While breaking the debate rules would be far more serious than the pen example, a similar principle would be in effect. Right or wrong, Kerry is popularly perceived as the winner of the debate on Thursday. (I agree with this assessment, though it was a victory more of default and performance than of superior ideas). If Bush's camp, or even loosely affliated allies, try to make a big deal of this, Bush will look petty, guilty of sour grapes over his lost debate.
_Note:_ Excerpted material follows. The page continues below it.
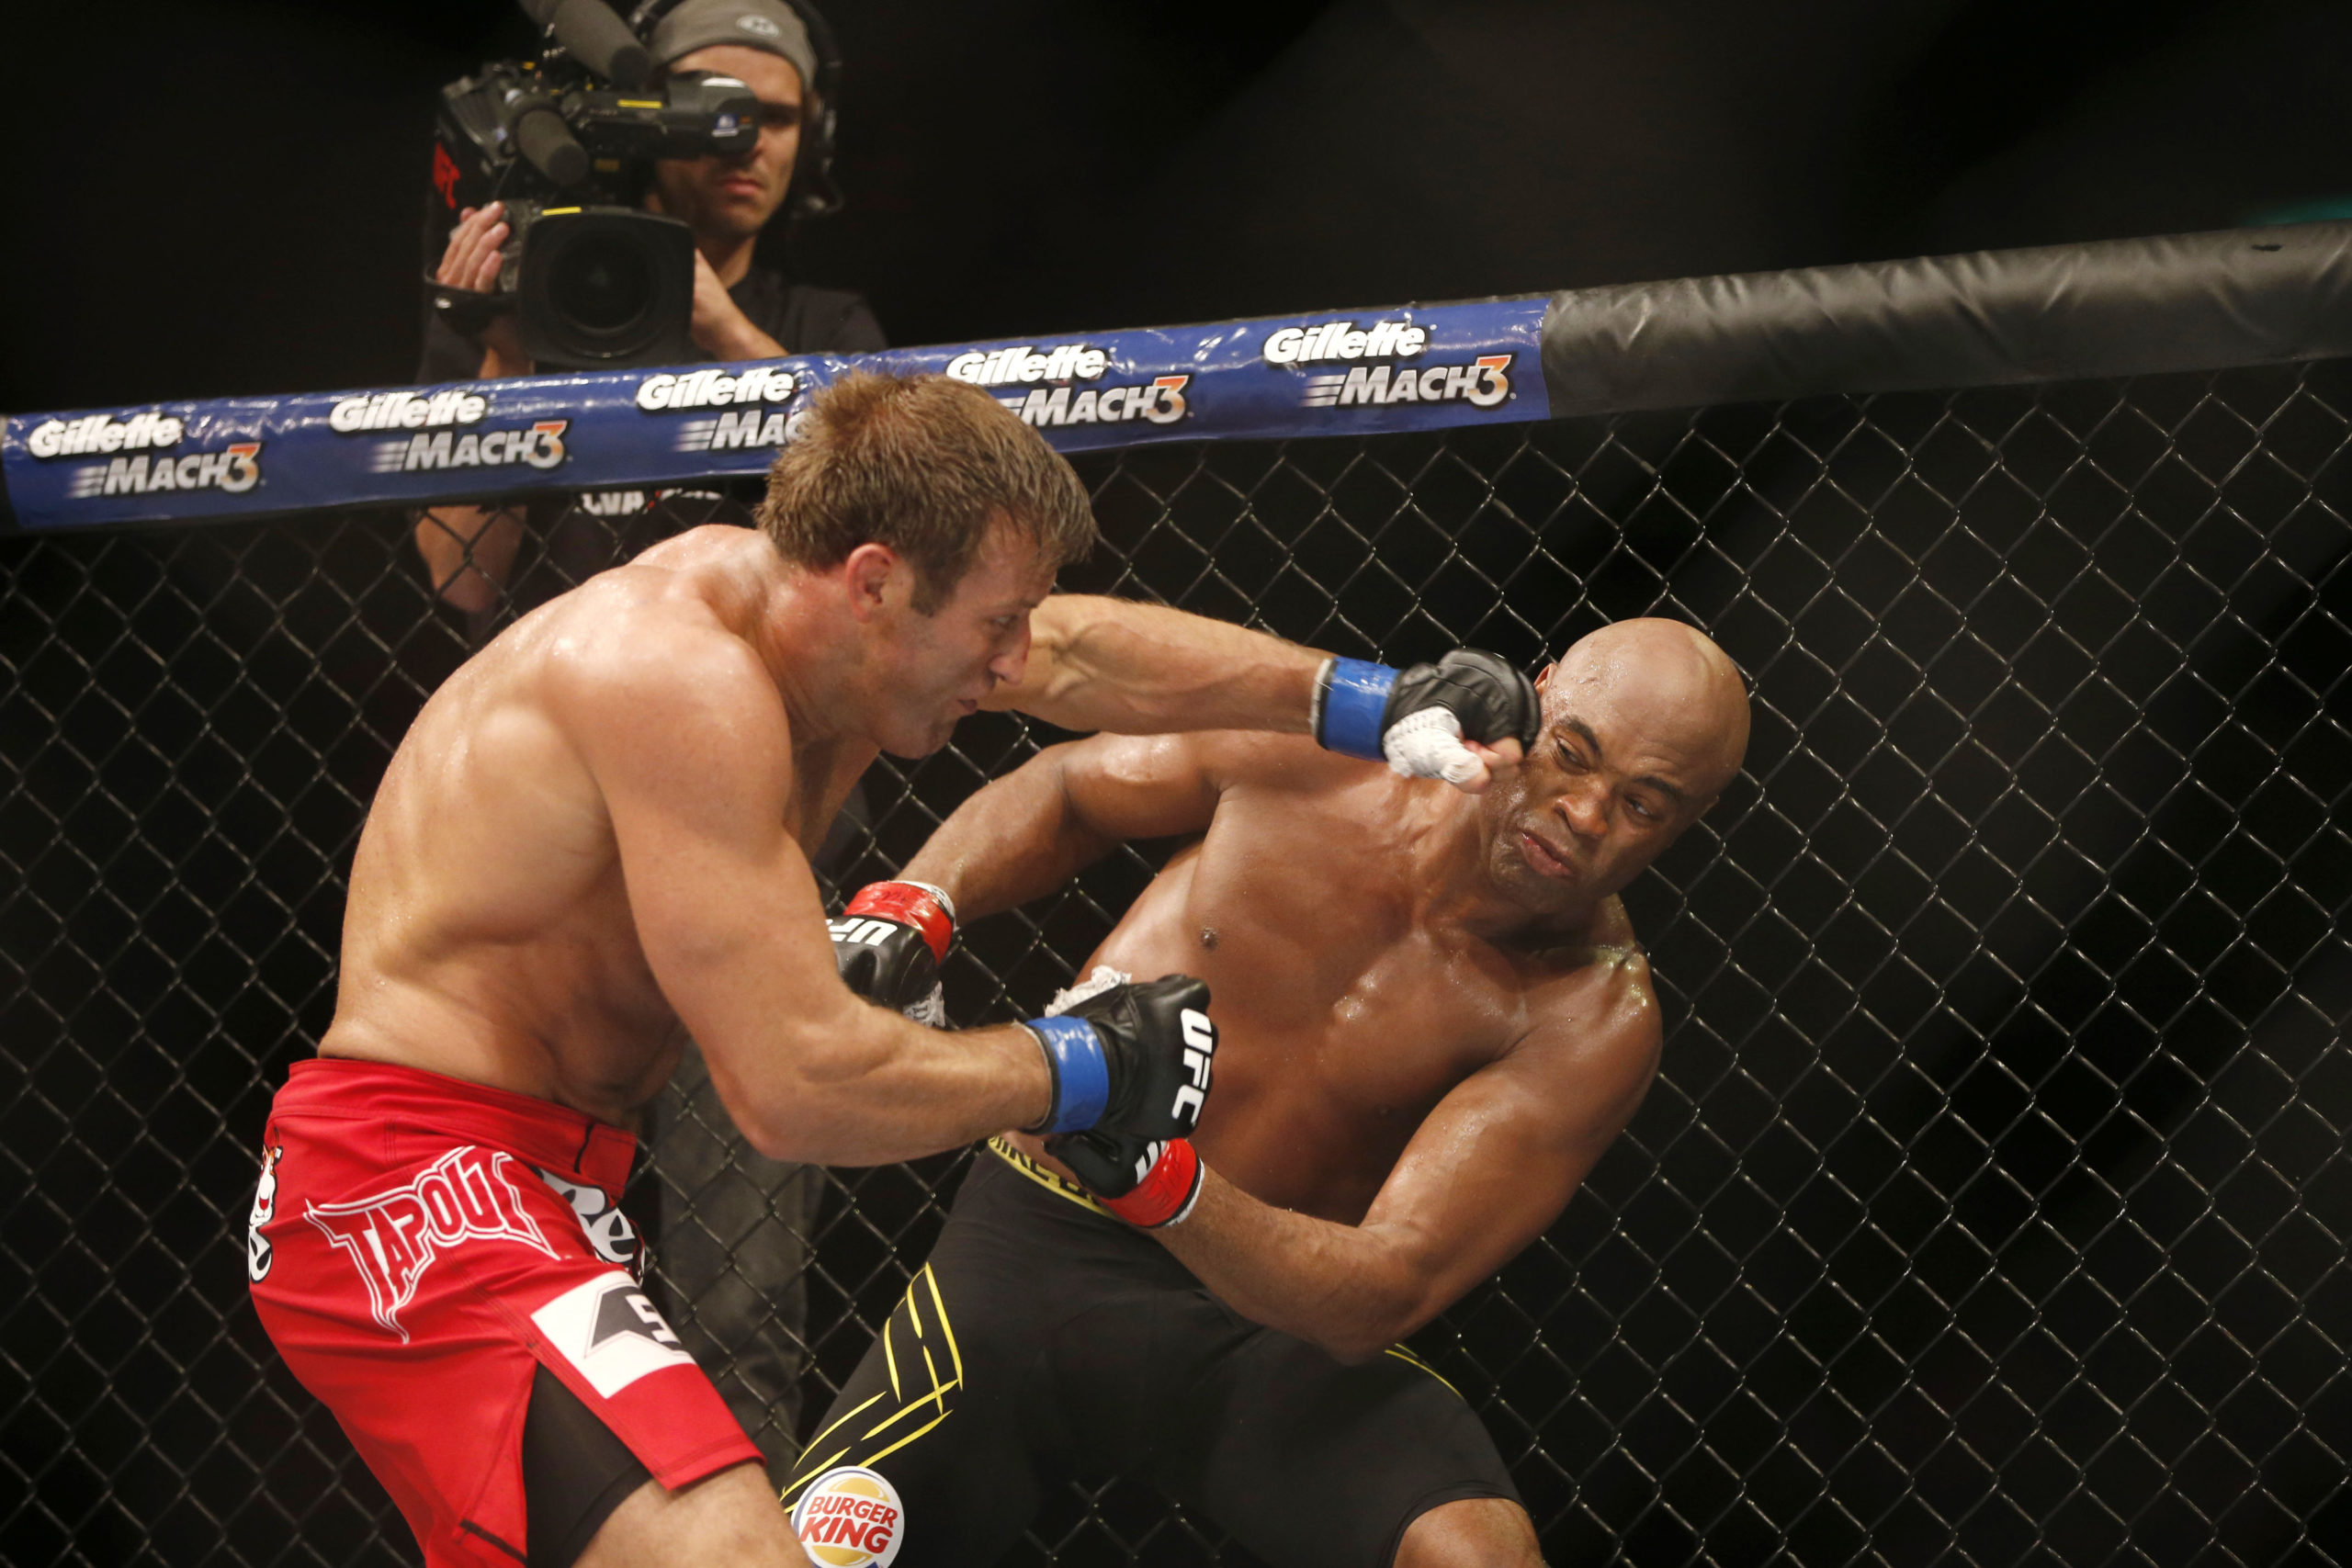 Anderson Silva, right, of Brazil, fights Stephan Bonnar, of the United States, during their light heavyweight mixed martial arts bout at the Ultimate Fighting Championship (UFC) 153 in Rio de Janeiro, Oct. 14, 2012.

Even the bloggers that broke story aptly point out they'd prefer not to "hyperventilate and claim that this violation influenced the outcome of the first debate, but it's certainly reasonable to request that the rules are followed by the Kerry Campaign and enforced by the Debate Commission for the remaining two contests."

Instead, Bush should lick his wounds, maybe take a moment to feel better about his loss knowing that Kerry's strength, at least in part, came from a violation of the rules, and put in more work on his own weaknesses. A) Drink some coffee before the debate if he's such an early to bed/early to rise kind of guy. Coffee is the Nectar of the Gods, I would assure him. I know from experience. B) Get an hour and a half worth of material instead of the 30-40 minutes he had to stretch out. Yes, perhaps Bush and Rove had a method to their madness, thinking "less is more" works better for middle America, and that repeatition plays a huge role in persuasion. And maybe it's only that I'm a former debate nerd and aspiring philosopher that this technique bothered me. But from the look of things, I wasn't the only one who thought this repetition looked like crap.

Otherwise, the only other thing I'll say about the debate is that it depressed me me about as much as the 2000 debates and the 1996 debates. Where, dear god, is the candidate I can root for? This time, I think he was across the street, debating David Cobb, languishing in obscurity and irrelevence, and even wrong himself about the issue he's making the centerpiece of his campaign. Given that politics are usually so depressing, I don't know why I bother sometimes...

Anyway. If you've read this far, I'll end by assuring you that by Wednesday, I should have something about my take on the "Iraq is wretched vs Iraq is peachy" debate, and why both sides are wrong.